An exact repetition of the data below, without images, is the expected answer.

▸ **DATA SECTION**
%%
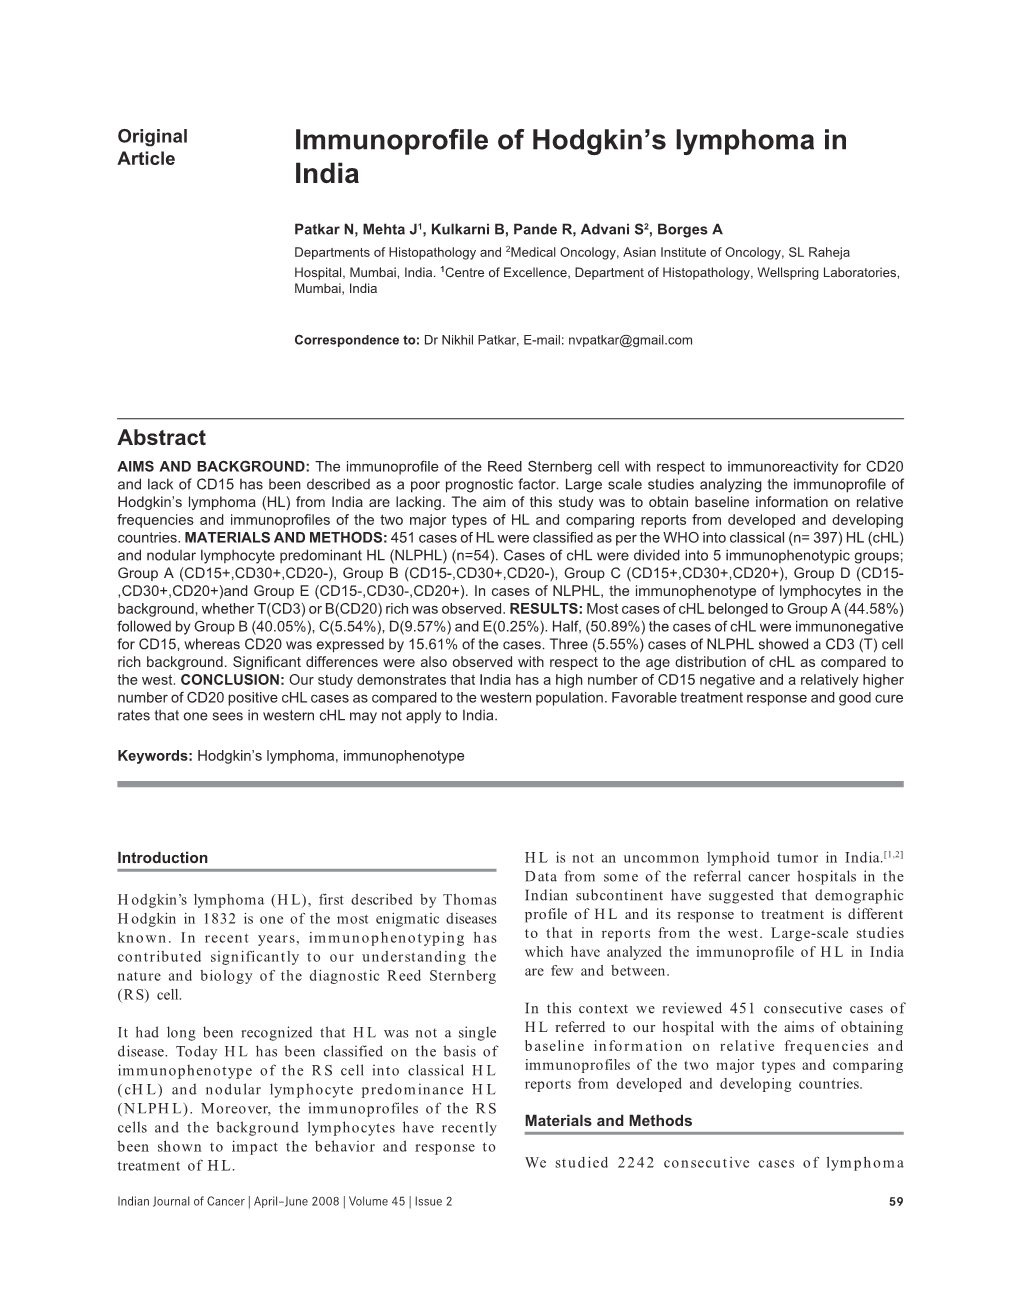 Immunoprofile of Hodgkin's Lymphoma in India
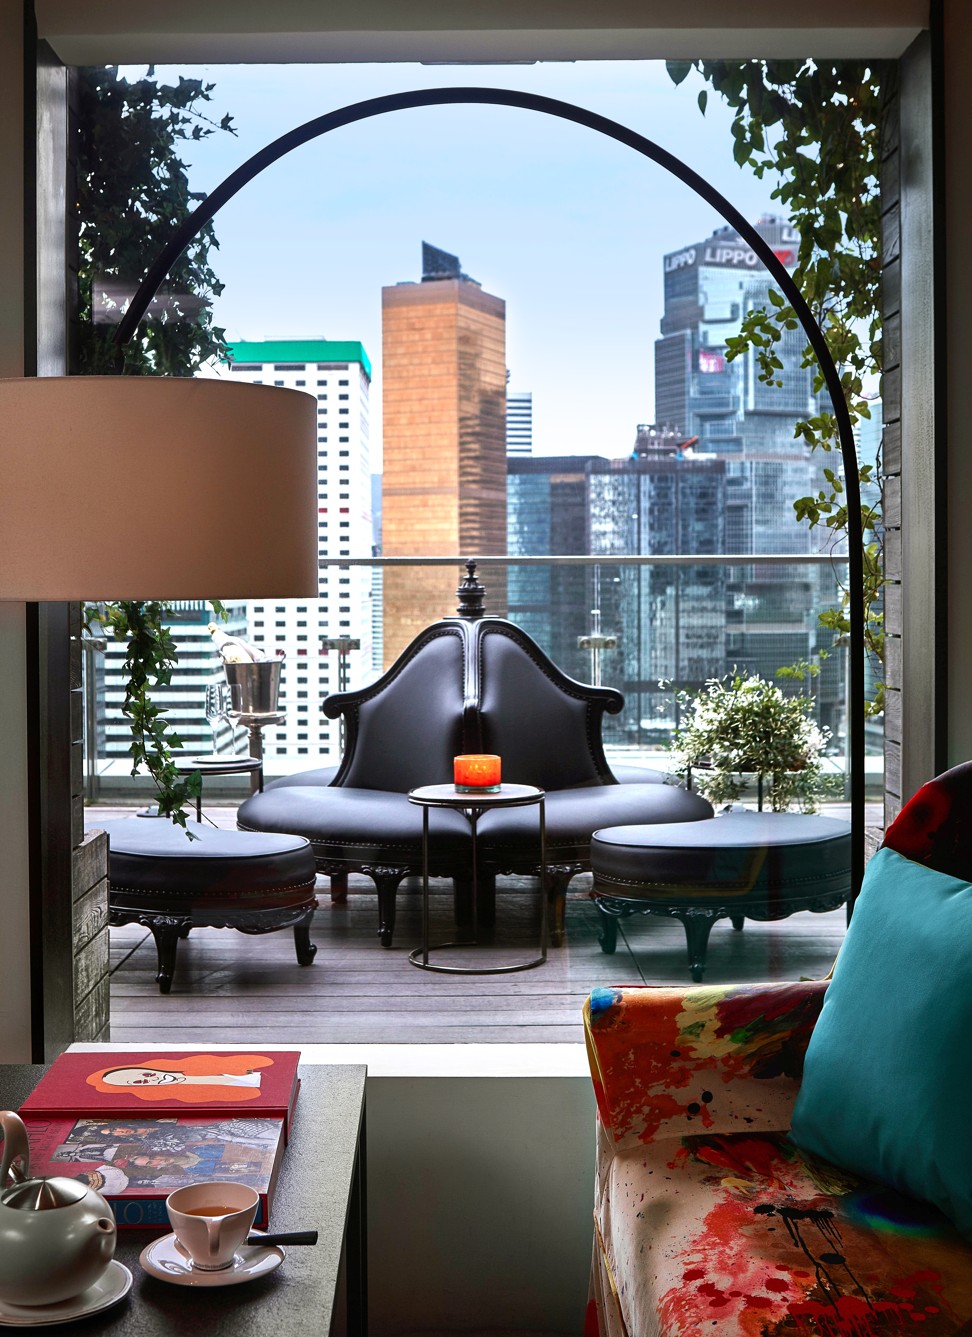 SEVVA’s interior lounge overlooking the terrace.
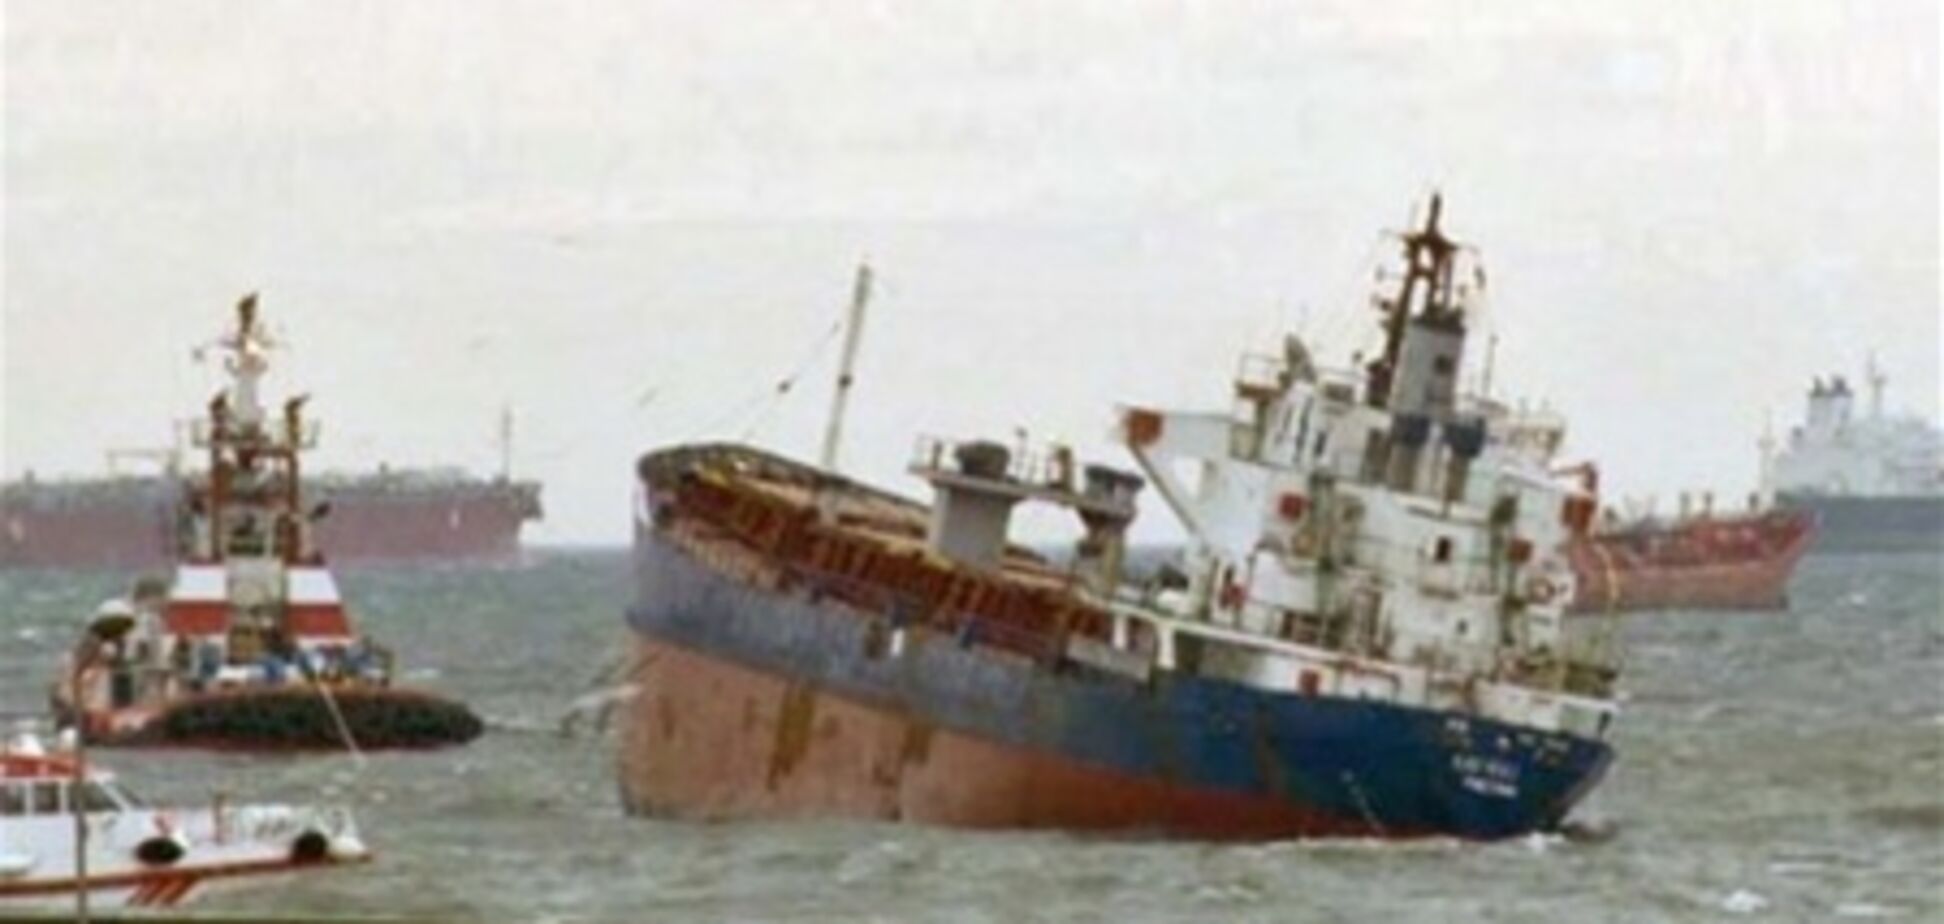 В Босфорском проливе столкнулись три судна
%%
▸ **YOUR SOLUTION**
 Immunoprofile of Hodgkin's Lymphoma in India
 SEVVA’s interior lounge overlooking the terrace.
 В Босфорском проливе столкнулись три судна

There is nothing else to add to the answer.